Рассказ:
Шар был затянут белесой пеленой. Эдуард спал, поджав под себя остатки конечностей.
В его шатре все было фиолетовым. Бархатная подушечка для обезображенного тела. Хламида, облачающая плоть. Все очень мягкое, почти плюшевое: не дай бог провидец разобьет свой роковой инструмент! Но все же не совсем мягкое.
Все в его жизни было «не совсем». Не то чтобы раб и не очень-то жертва. Да и как иначе, когда хозяин во многом зависит от слуги? Можно сказать, Эдуард был просто на содержании.
Когда-то ему ампутировали конечности. Он был двенадцатилетней игрушкой для богатых ублюдков; собственной воли для него не существовало. Ему нравилось, что с ним делали, но не более того: как здоровому сытому человеку нравится его каждодневная жизнь. Одно горело в нем ярко: апотемнофилия. Да, он сам просил себя изуродовать. Острое сексуальное желание пронизывало эту просьбу.
Во время одной из самых развязных оргий хозяева все-таки решились на бесчеловечный эксперимент. Та кровавая ночь подернулась для него алой дымкой. Он не помнил ничего, кроме отстраненного любопытства, извращенного счастья и дикой боли, застлавшей весь мир. Каждый миг той добровольной пытки он ощущал со странной, несомненно болезненной резкостью, но вспоминать то ощущение полной, бескомпромиссной ясности он не желал. Он то терял сознание, то снова приходил в себя, и через какое-то время происходящее обрело для него бессмысленность полуночного бреда.

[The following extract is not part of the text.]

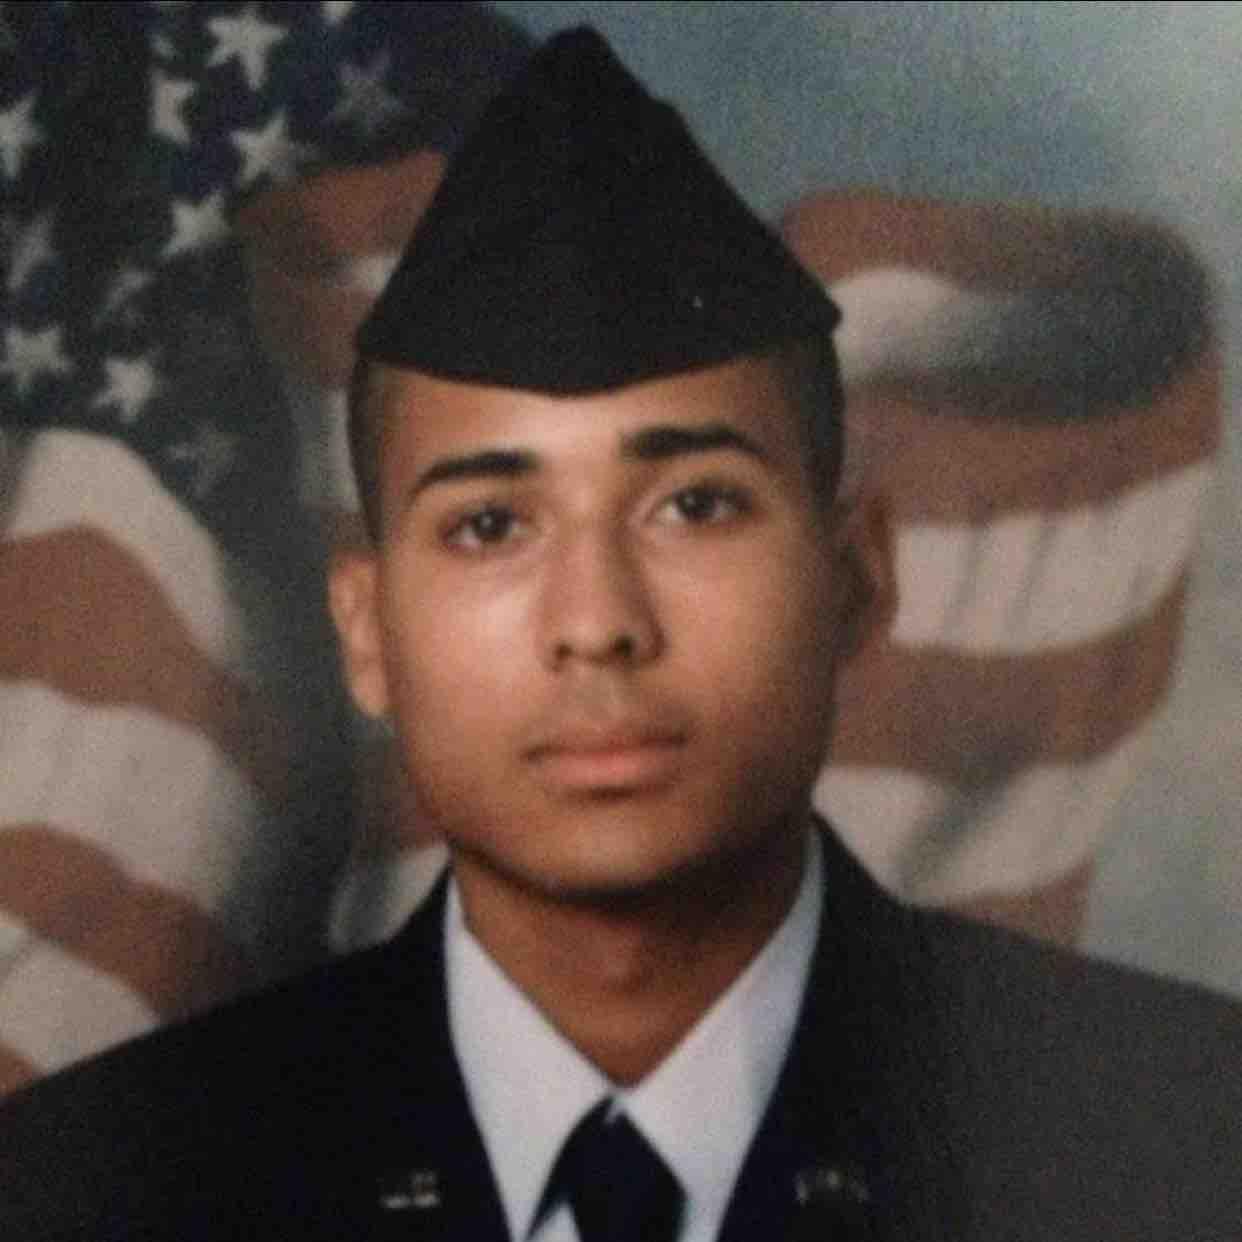 Fundraiser By Joseph Melo Help A Veteran Start An Online

После воплощения своих фантазий для малолетнего Эдуарда окружающий мир так и остался затянут туманом. Он превратился в овощ: лишь ел, спал, справлял нужду... Говорил мало, механическим голосом. У него могло бы быть все, но его ничего не интересовало.

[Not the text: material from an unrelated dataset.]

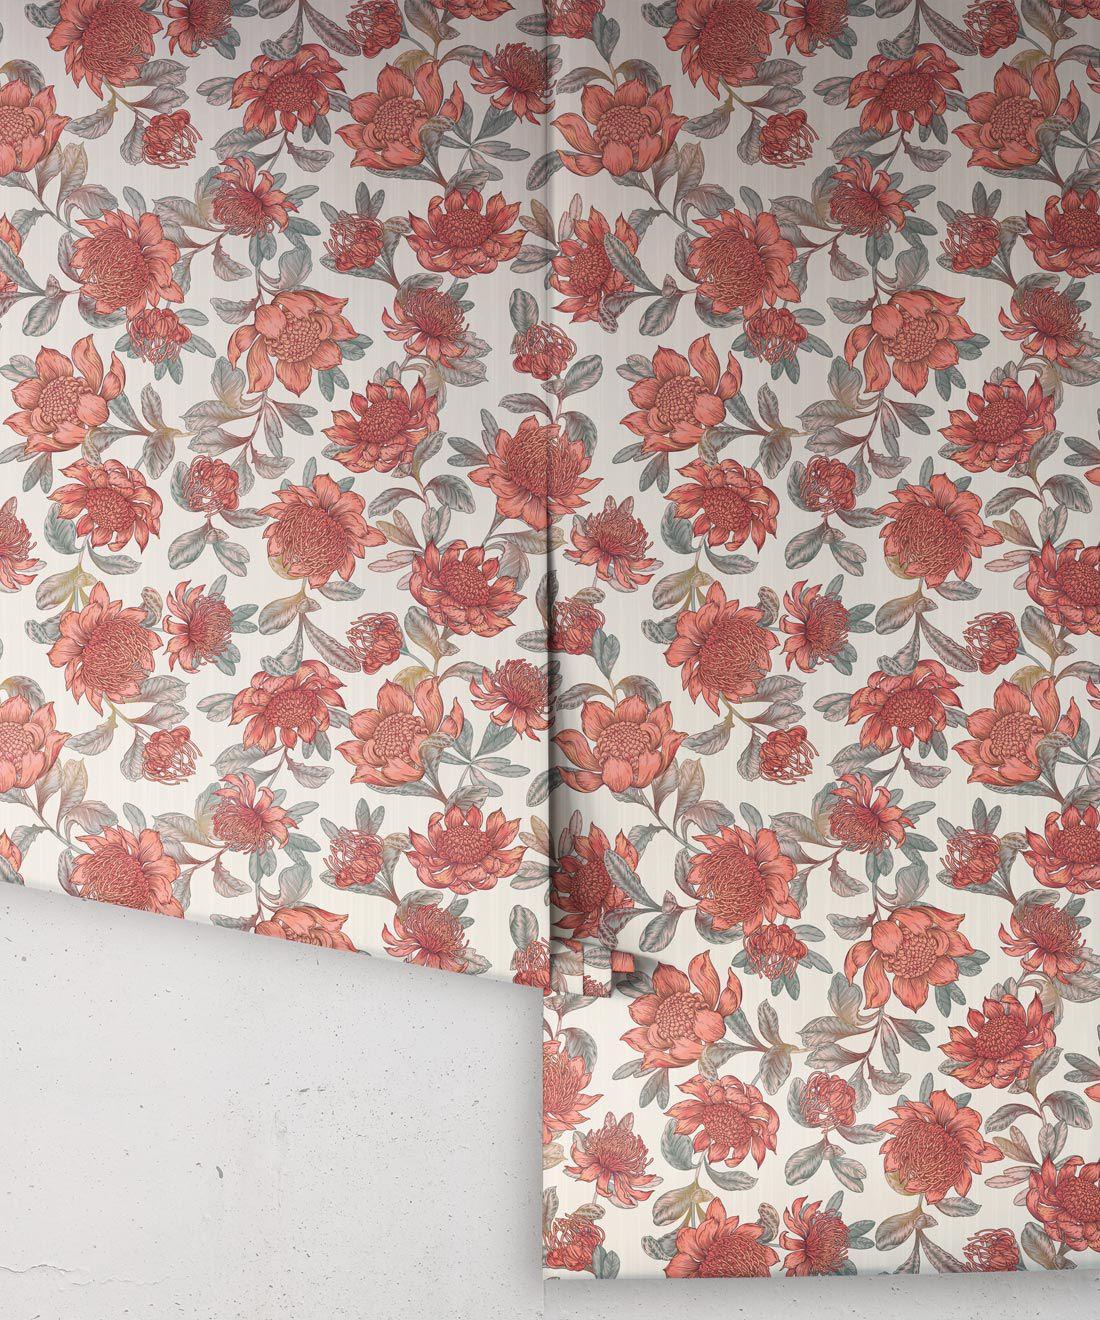 Waratah Wallpaper • Eloise Short • Vintage Floral Wallpaper •Granny Chic Wallpaper • Grandmillennial Style Wallpaper •Parchment •Rolls

Вскоре его выкинули, как и любую сломанную игрушку. Он побирался по трущобам, умирая от голода, ползал, словно гусеница, по загаженным улицам. Иногда прохожие кормили его с рук, и он жадно пожирал объедки, трясь струпными губами об их сочувствующие ладони. Таким его подобрал новый хозяин — аферист и циркач, известный как Гизмо. В лучших традициях древней Персии он решил использовать экзотического парня как часть своего шапито. Он должен был «предсказывать» будущее по стеклянному шару, веселя публику нелепицами и гротескной роскошью одеяний на уродливом тельце.
Когда до Гизмо дошли слухи о том, что пророчества подопечного начали сбываться, он не стал думать, как и почему ему это удается. Поступив как настоящий торговец, исполнив долг трудолюбивого шарика крови, неустанно доставляющего кислород к купеческому сердцу, хозяин купил Эдуарду шар из хрусталя и отделил его от цирка, сделав дополнительным развлечением для гостей. Теперь шатров с ним путешествовало два.
Вскоре циркач обогатился: главным образом из-за своего предсказателя. Обладая недюжинным умом, он сумел найти те ниточки в разбойничьем мире, которые смогли сомкнуться вокруг его лавочки стальными шипами. Никто и подумать не мог о том, чтобы тронуть старого Гизмо.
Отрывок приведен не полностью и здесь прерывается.